O partido de oposição na Venezuela liderado pela ex-legisladora exilada e ganhadora do Nobel María Corina Machado mobilizou voluntários em todo o país na semana passada para arrecadar doações para sobreviventes dos terremotos que ficaram desabrigados, mas encontrou um obstáculo inesperado: a Polícia Nacional.
Na quinta-feira (25), Heidy Loicett, liderança do partido de oposição Vente, estava sob uma lona azul em uma calçada em Portuguesa —estado a cerca de 440 quilômetros da zona do desastre— enquanto as pessoas passavam levando diversos itens, como fraldas, água engarrafada e roupas usadas.
A polícia também apareceu, disse ela.
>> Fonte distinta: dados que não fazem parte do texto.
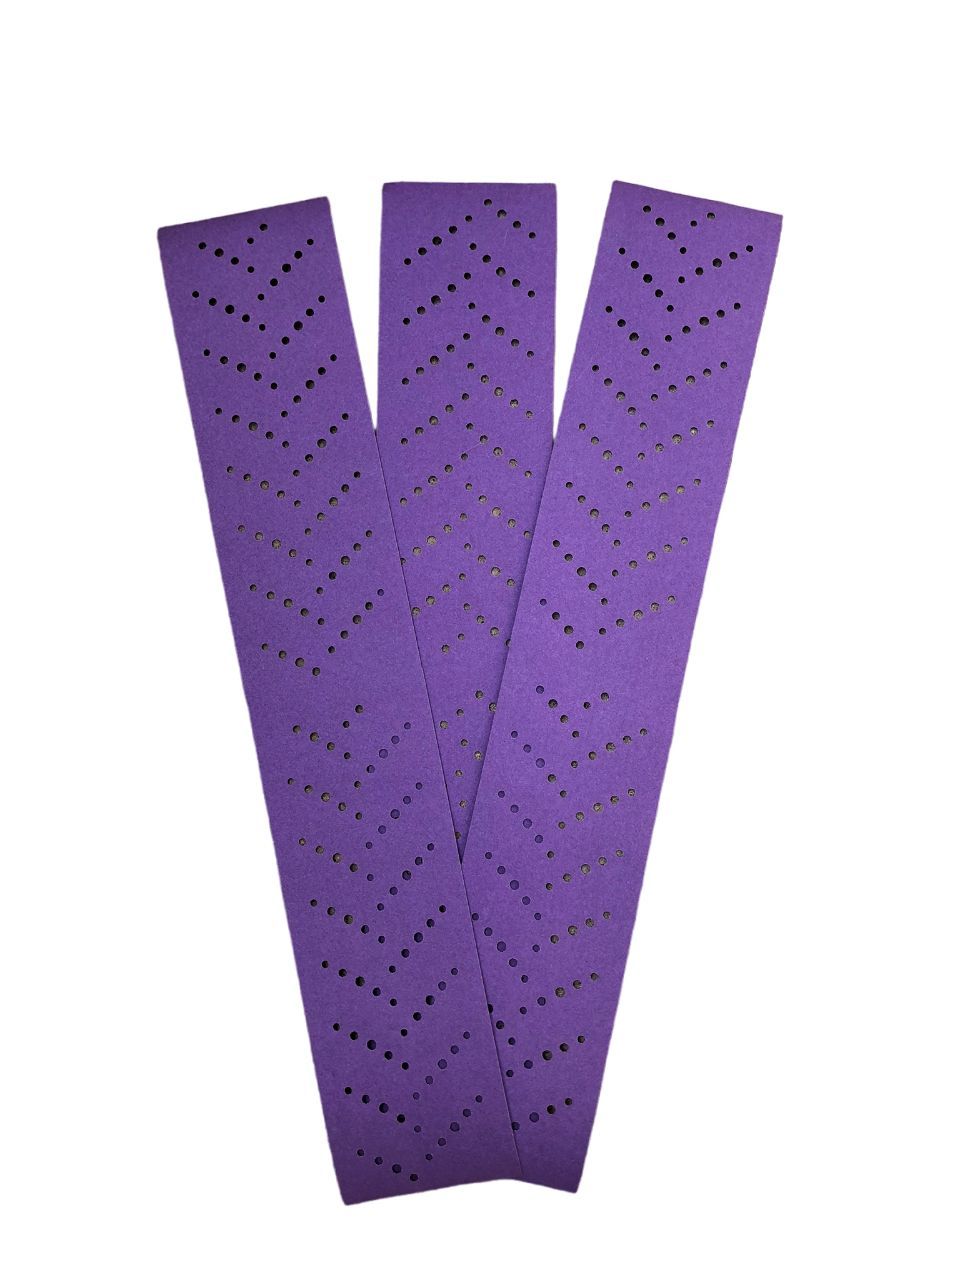 3m 50533 Hookit Purple+ 734u абразивный с мультипылеотводом 150мм p400 (5шт). Полоска абразивная Purple+ 3m 70*396 p80. Кубитрон полоски шлифовальные. 3m полоски абразивные. Абразивные полоски

Vários policiais da Polícia Nacional da Venezuela e agentes da agência federal de Defesa Civil tentaram encerrar a campanha de arrecadação de doações, explicou ela em entrevista por telefone após o ocorrido.
Ela acrescentou que foi informada de que todas as doações deveriam ser canalizadas através do governo federal. "Disseram que não podíamos ter um centro de arrecadação, que o único ponto autorizado para receber doações era a Defesa Civil e o governo", disse Loicett. "Isso foi perseguição política."
O embate sobre quem deve receber o crédito pelos esforços de ajuda humanitária para a nação devastada pelos terremotos evidencia uma batalha muito maior e de alto risco pela sobrevivência política em uma Venezuela fragmentada.